**Exercise goal:** When you transcribe the data below, reproduce every line exactly and leave each picture out.

**Information provided:**
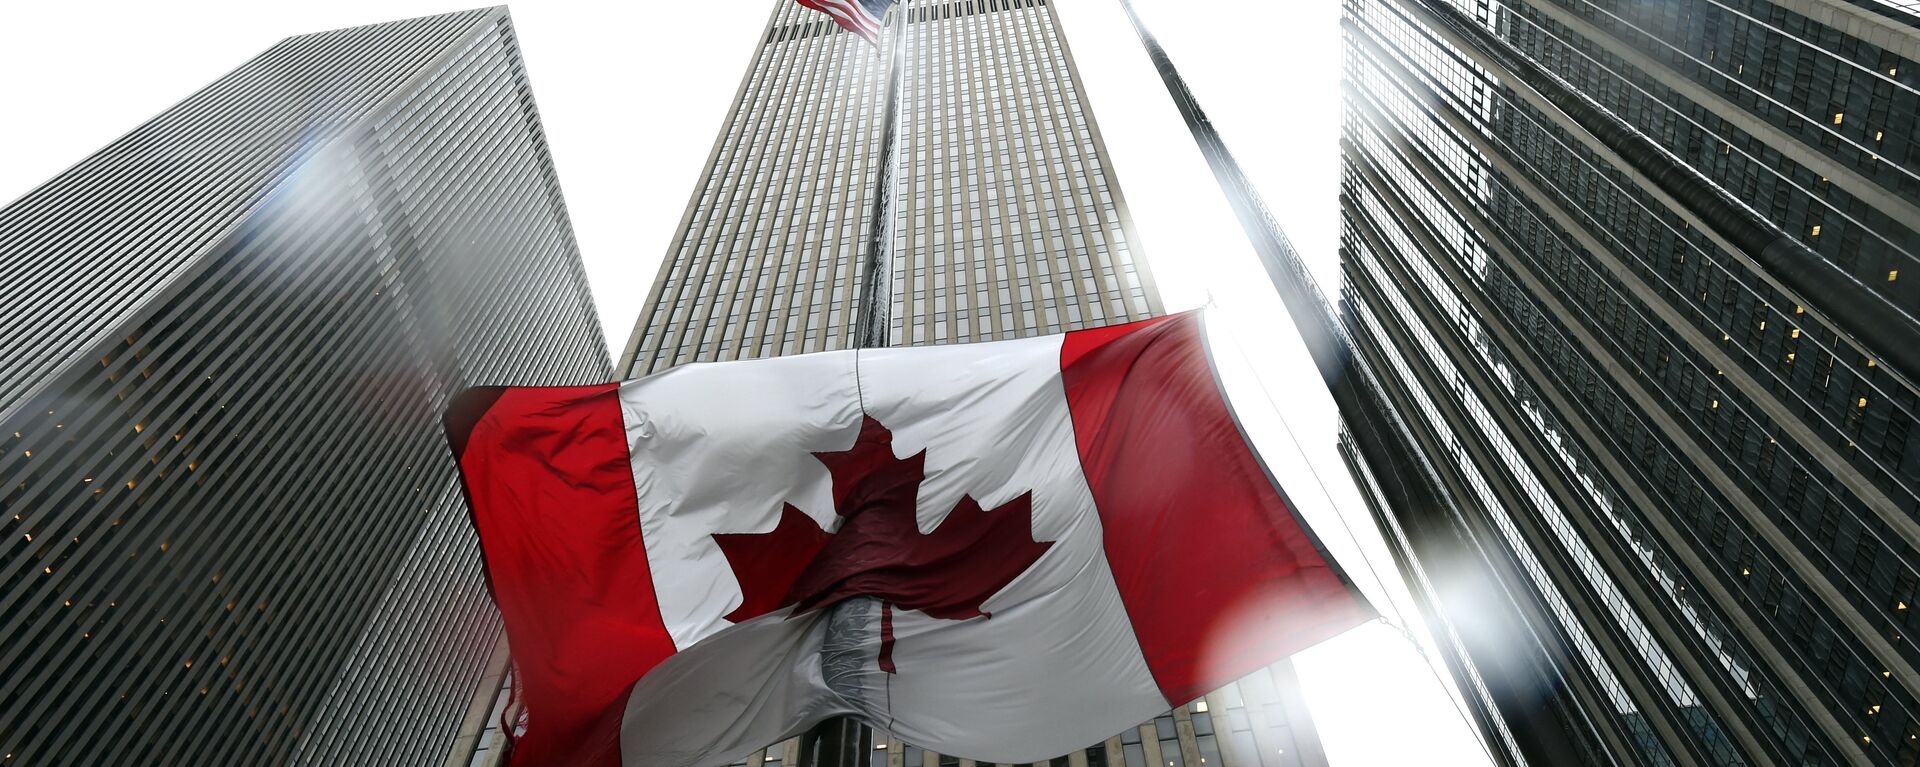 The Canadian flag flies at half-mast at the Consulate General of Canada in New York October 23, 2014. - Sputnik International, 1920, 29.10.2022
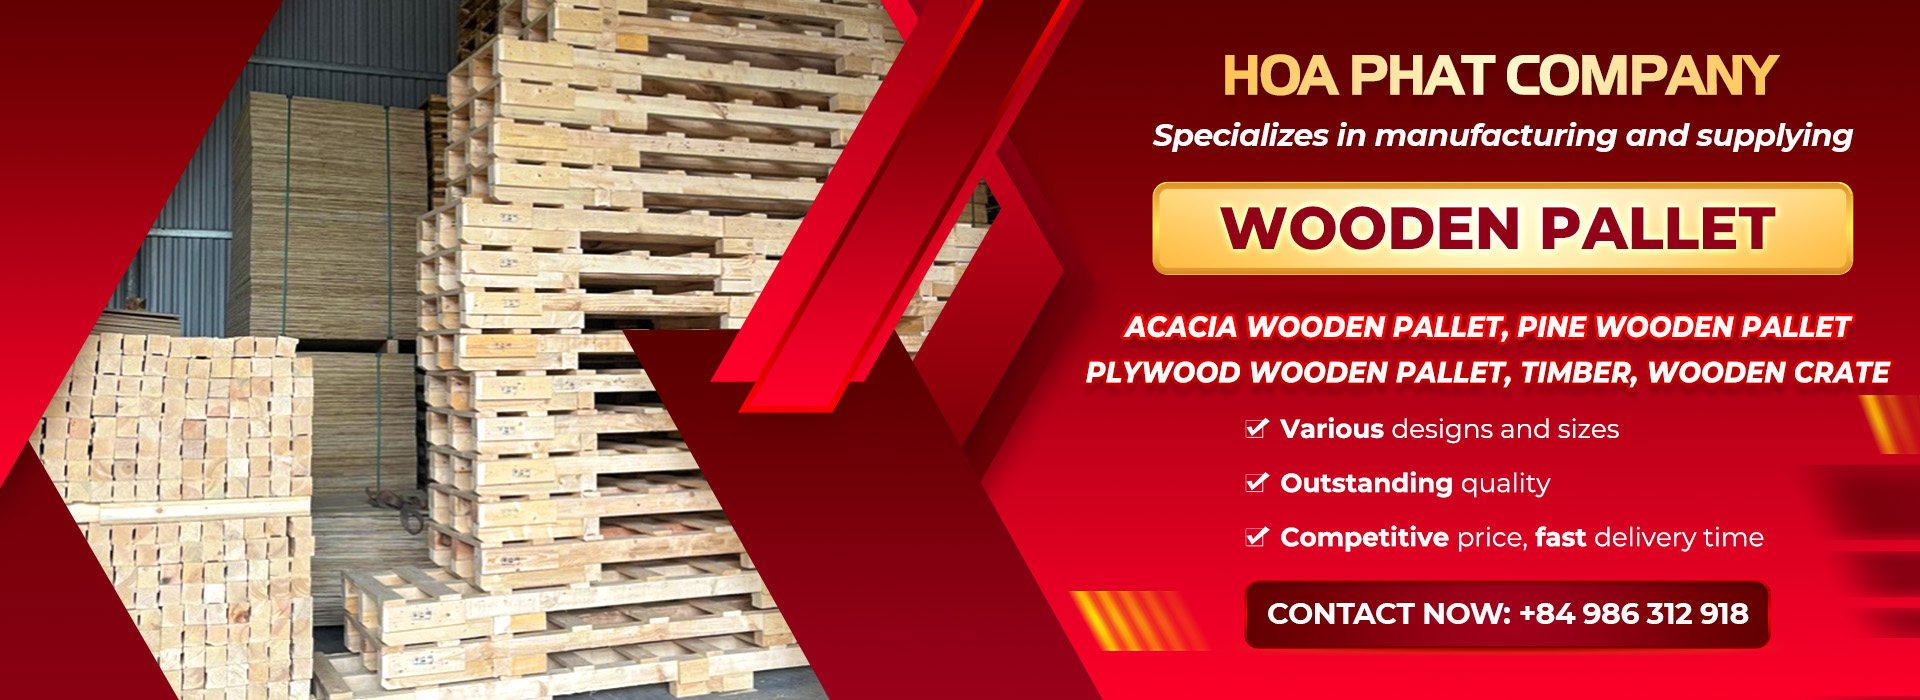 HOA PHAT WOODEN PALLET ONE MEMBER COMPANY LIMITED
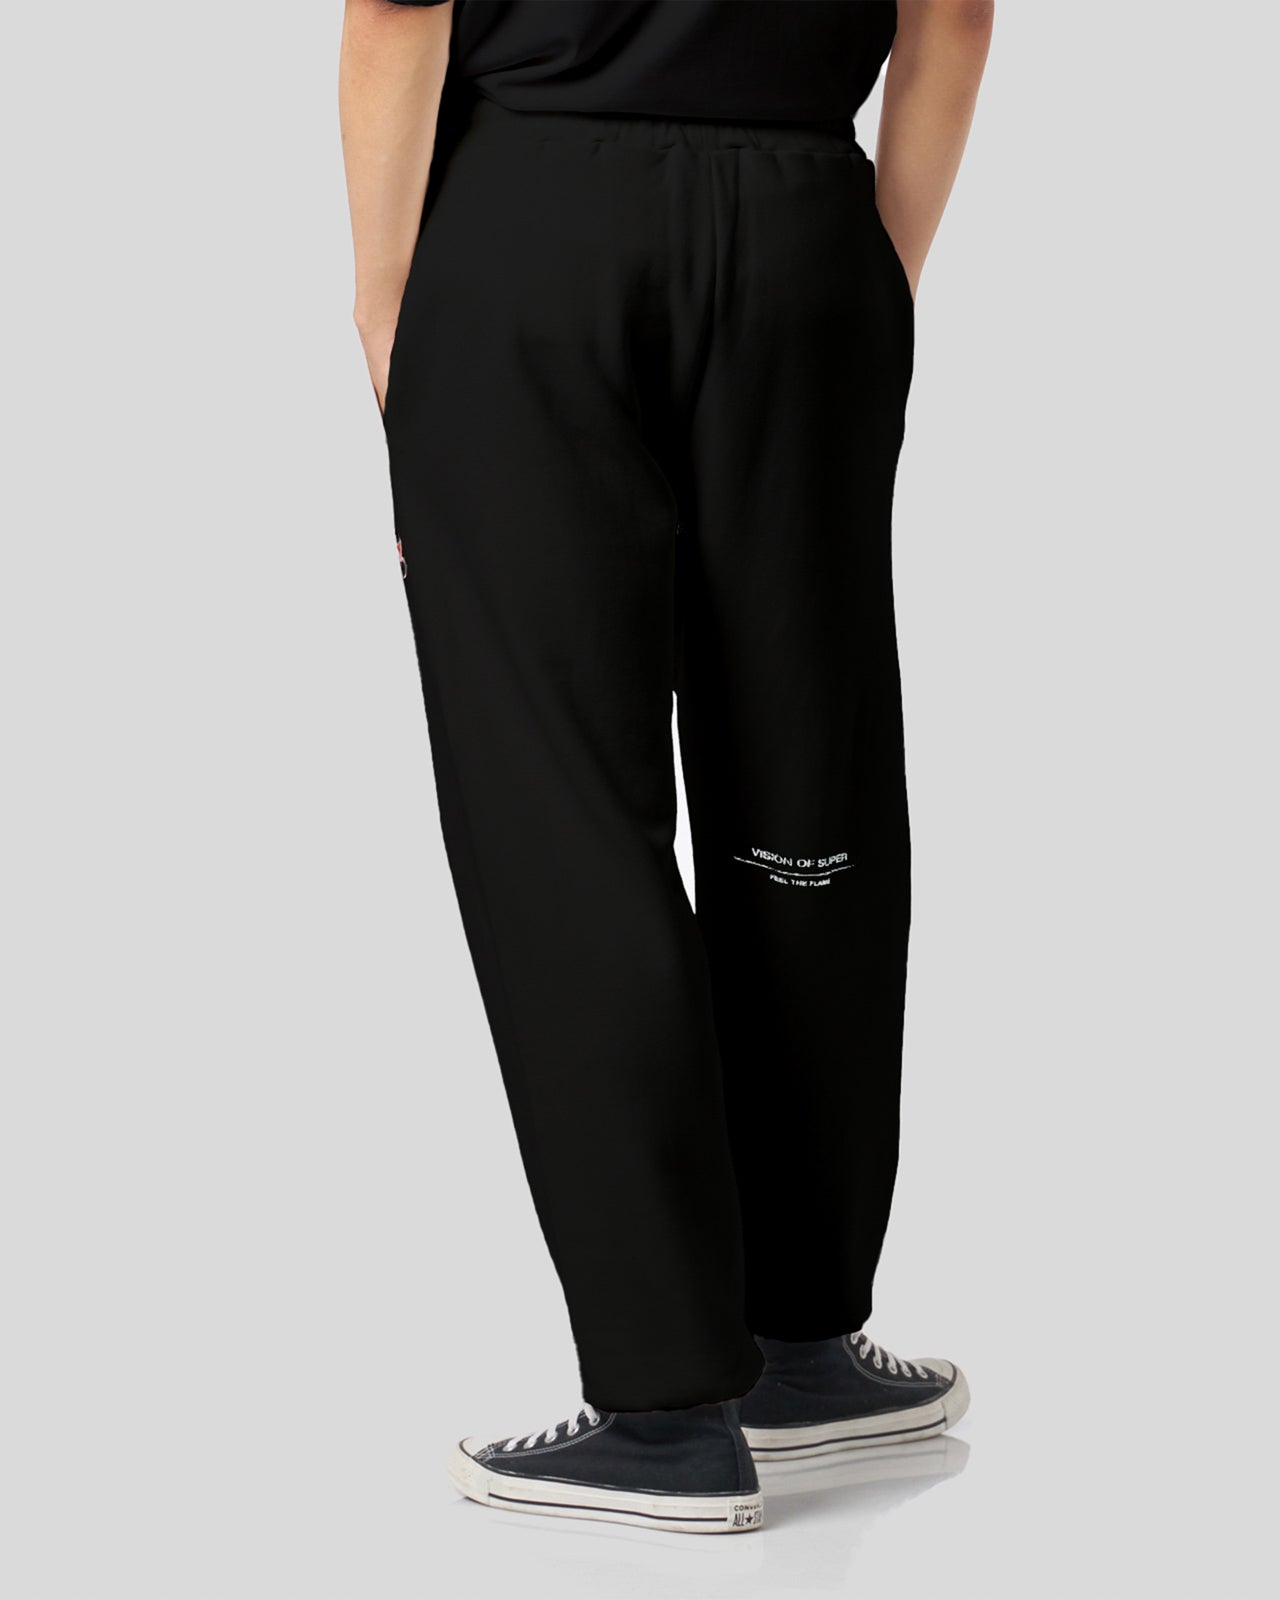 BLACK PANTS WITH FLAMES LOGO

**Task result:**
 The Canadian flag flies at half-mast at the Consulate General of Canada in New York October 23, 2014. - Sputnik International, 1920, 29.10.2022
 HOA PHAT WOODEN PALLET ONE MEMBER COMPANY LIMITED
 BLACK PANTS WITH FLAMES LOGO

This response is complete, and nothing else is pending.